[Collection entries]
-=-=-=-=-
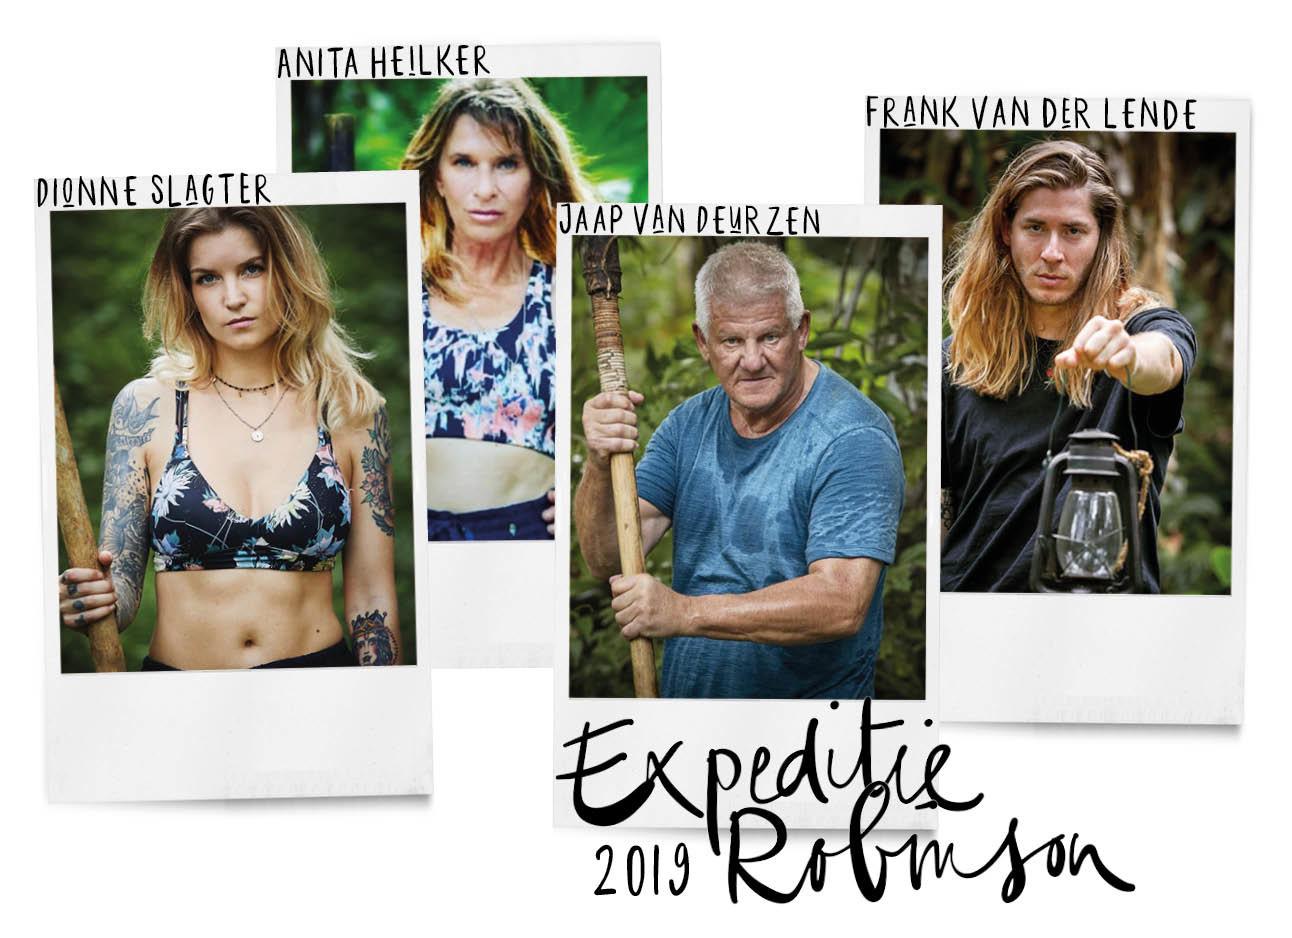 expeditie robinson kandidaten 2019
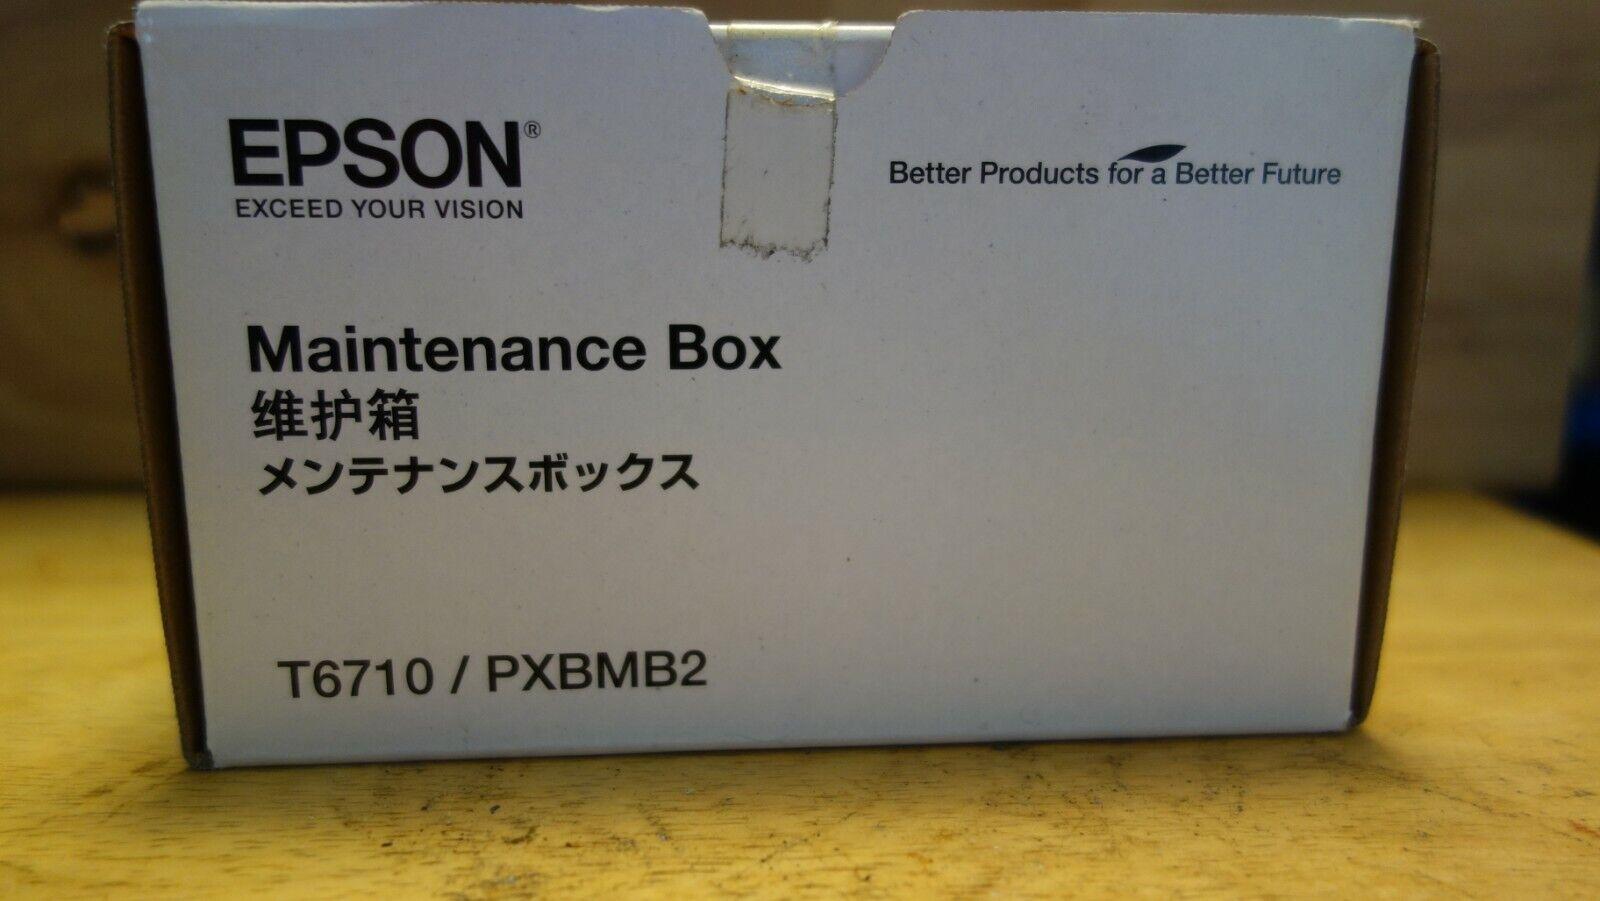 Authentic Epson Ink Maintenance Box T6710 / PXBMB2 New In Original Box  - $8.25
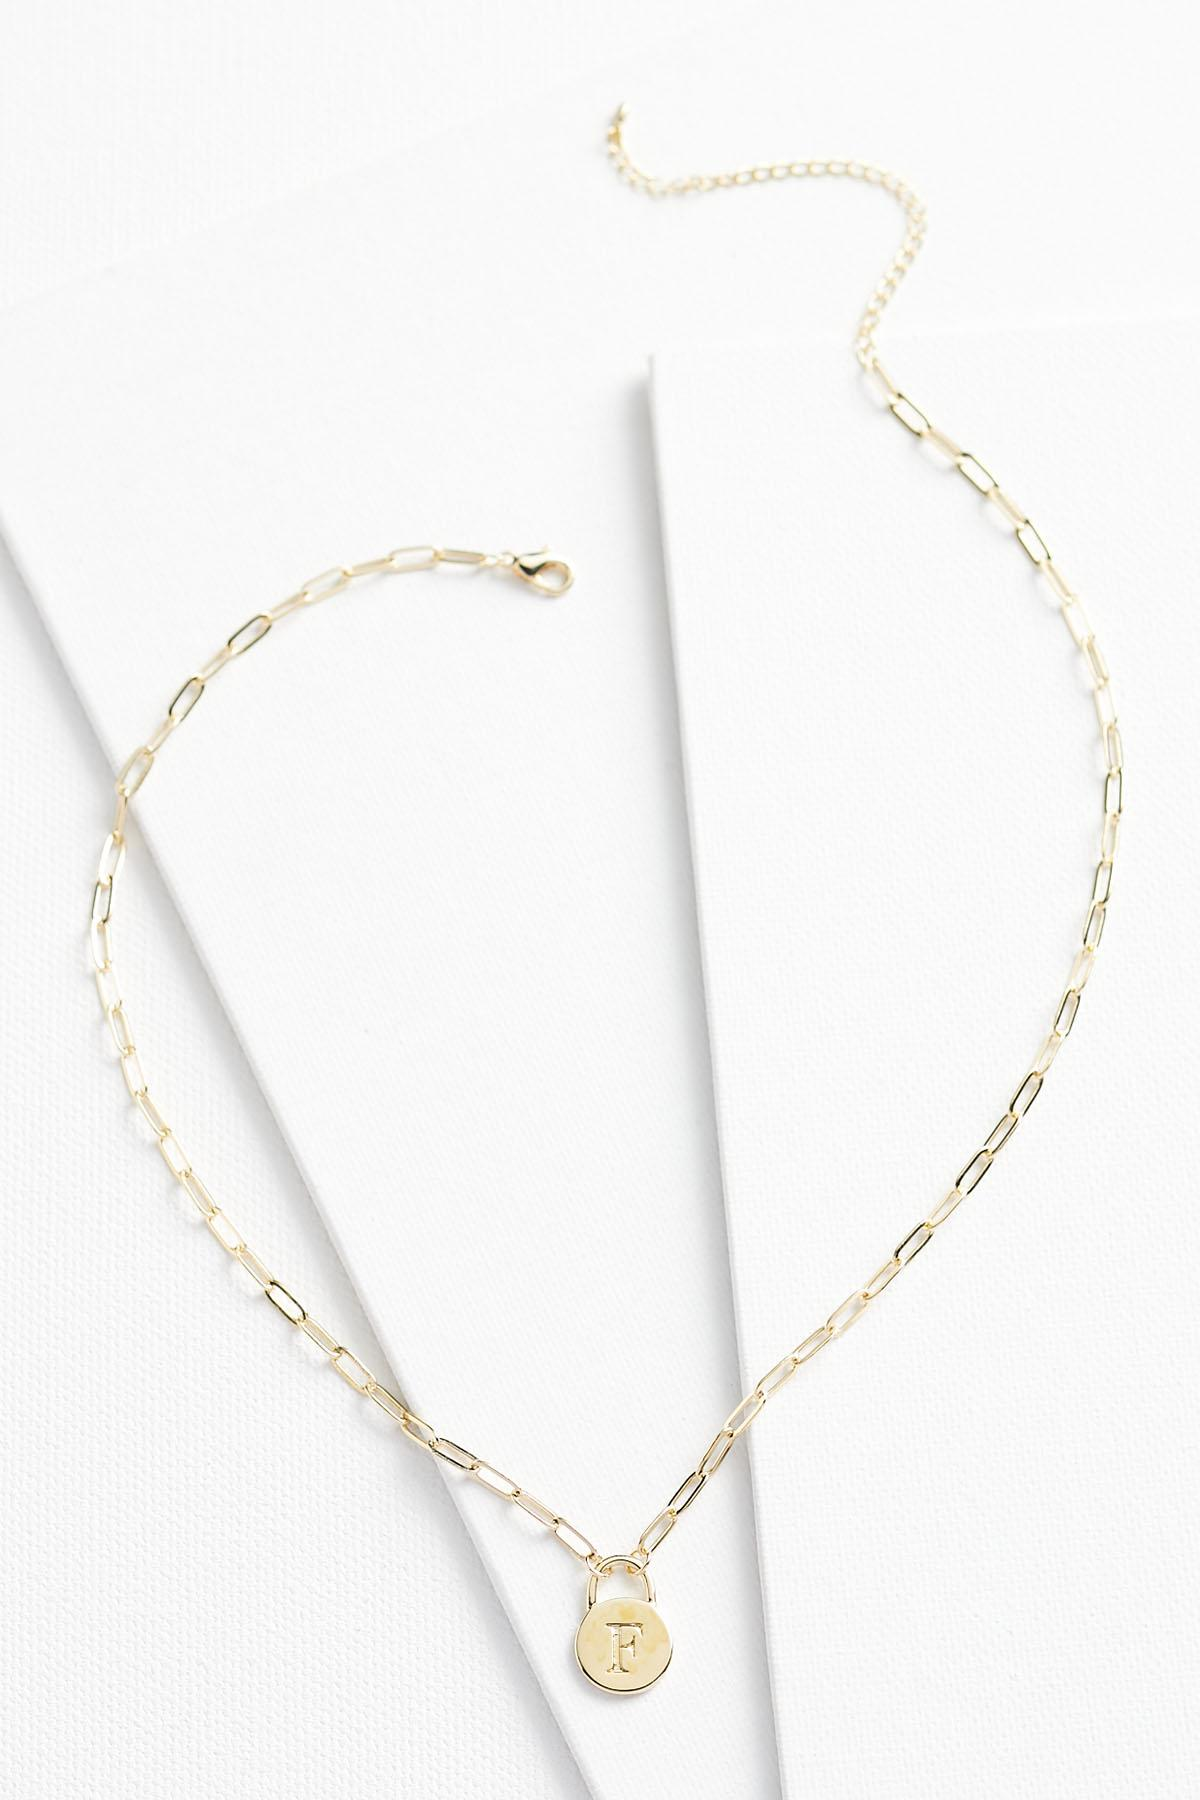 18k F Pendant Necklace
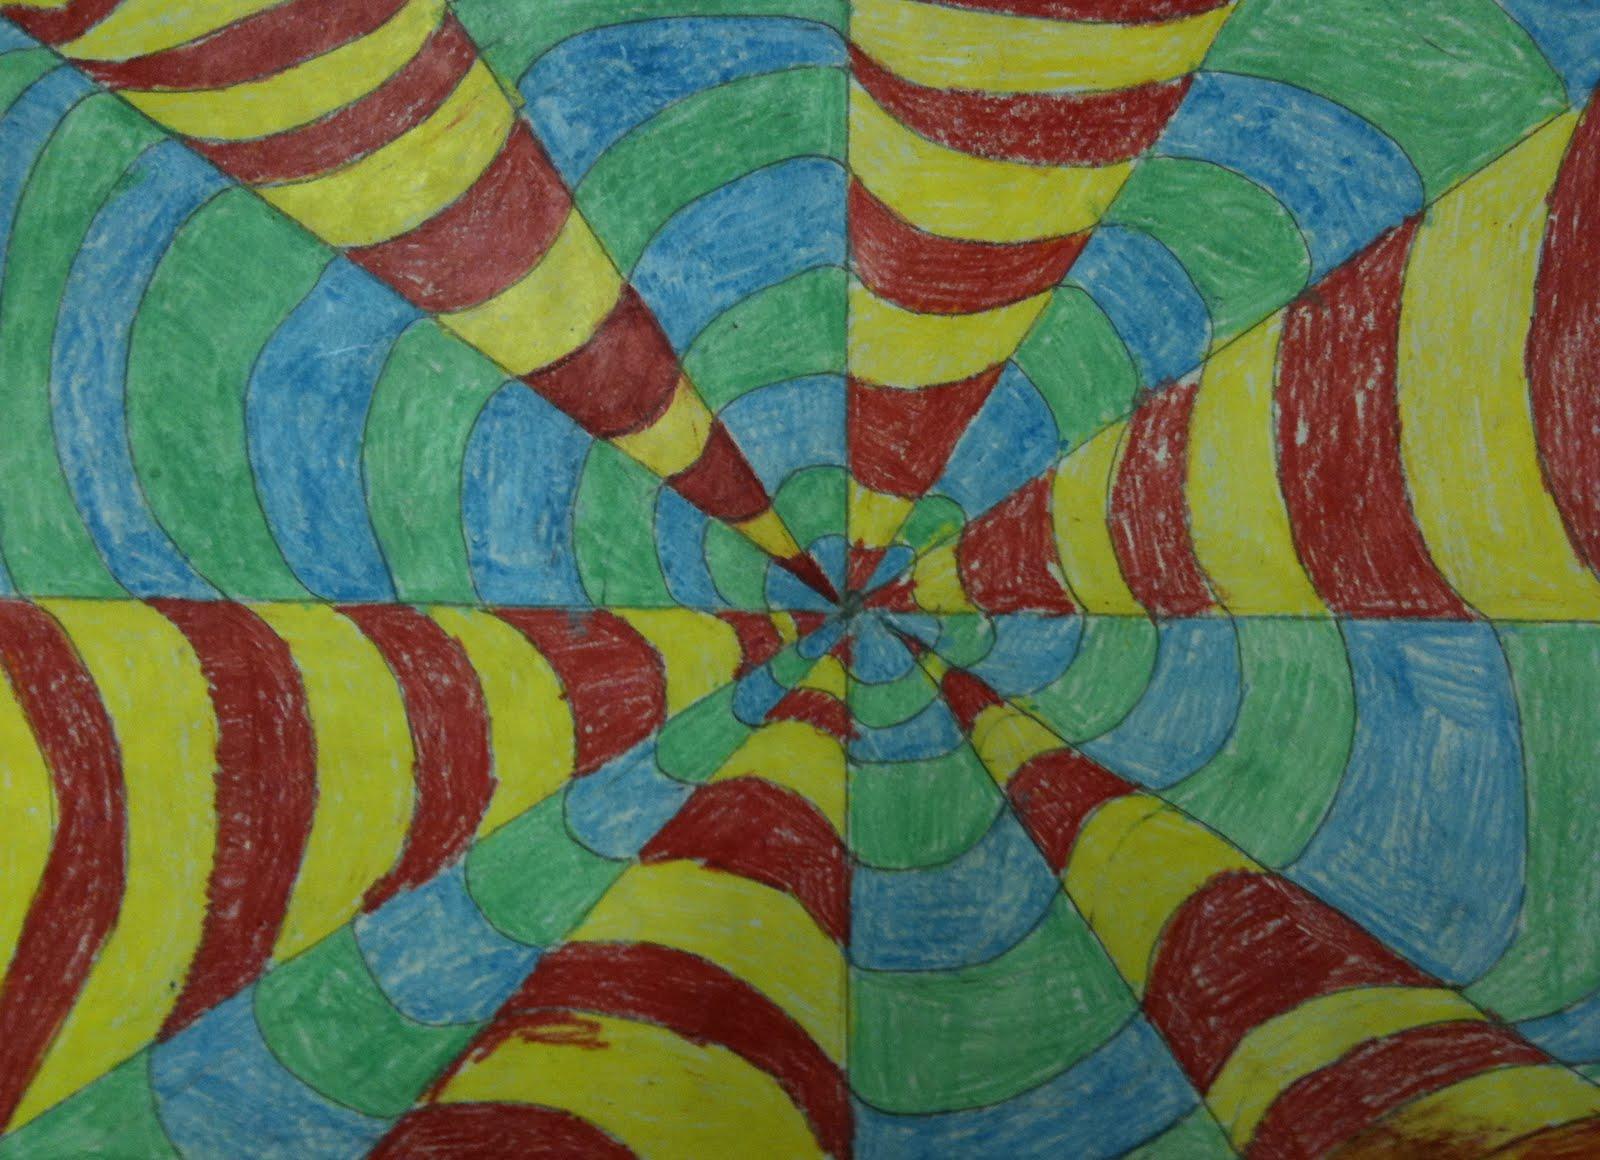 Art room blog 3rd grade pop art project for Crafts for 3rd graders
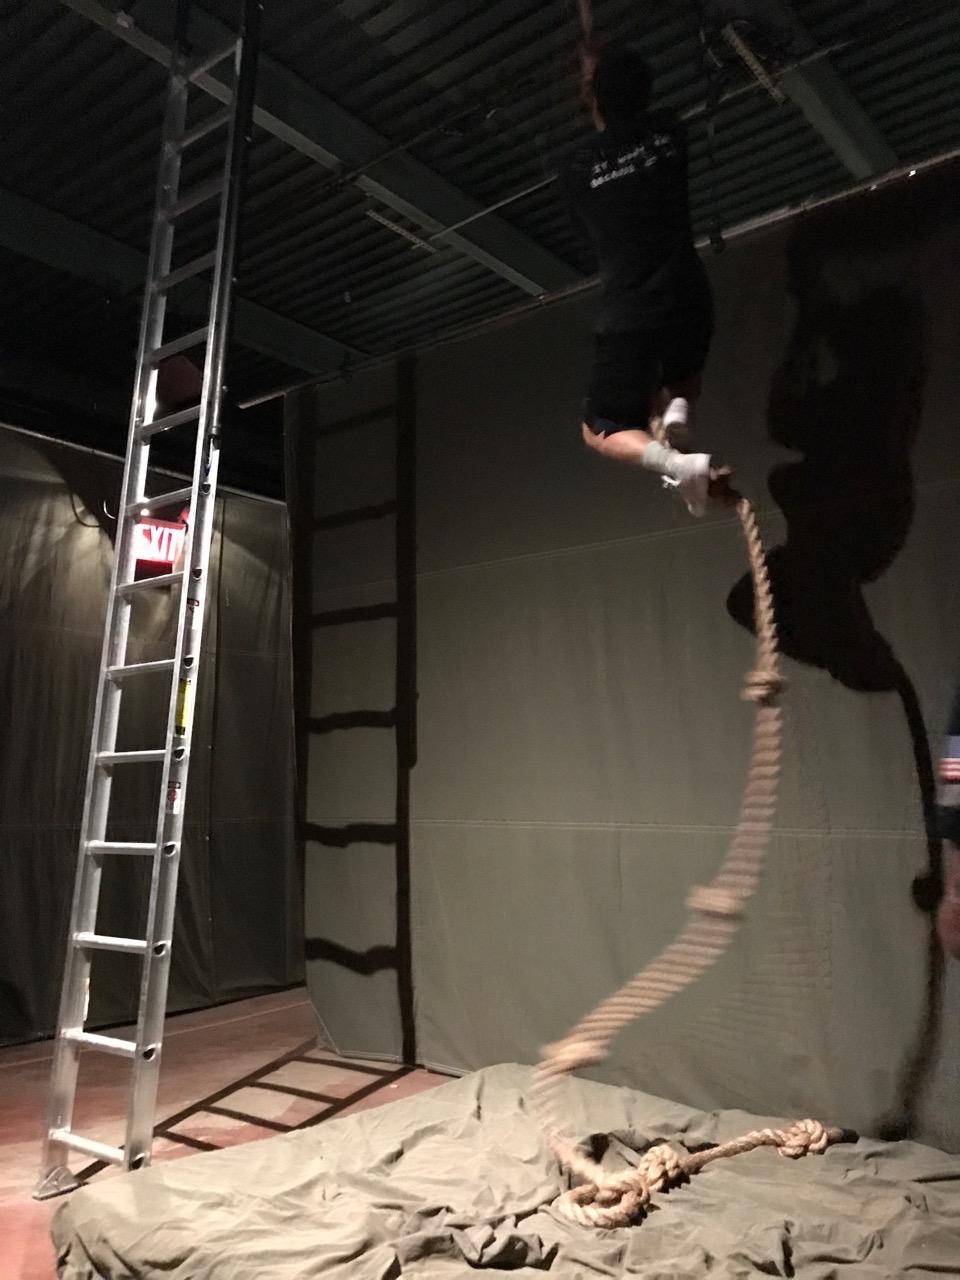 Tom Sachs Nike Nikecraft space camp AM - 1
-=-=-=-=-
* _YOUR INSTRUCTIONS_: Extract only the lines from the one that contains "Authentic Epson Ink" through the end of the records, inclusive, and omit every picture.

* _RESULT OF THE EXERCISE_:
 Authentic Epson Ink Maintenance Box T6710 / PXBMB2 New In Original Box  - $8.25
 18k F Pendant Necklace
 Art room blog 3rd grade pop art project for Crafts for 3rd graders
 Tom Sachs Nike Nikecraft space camp AM - 1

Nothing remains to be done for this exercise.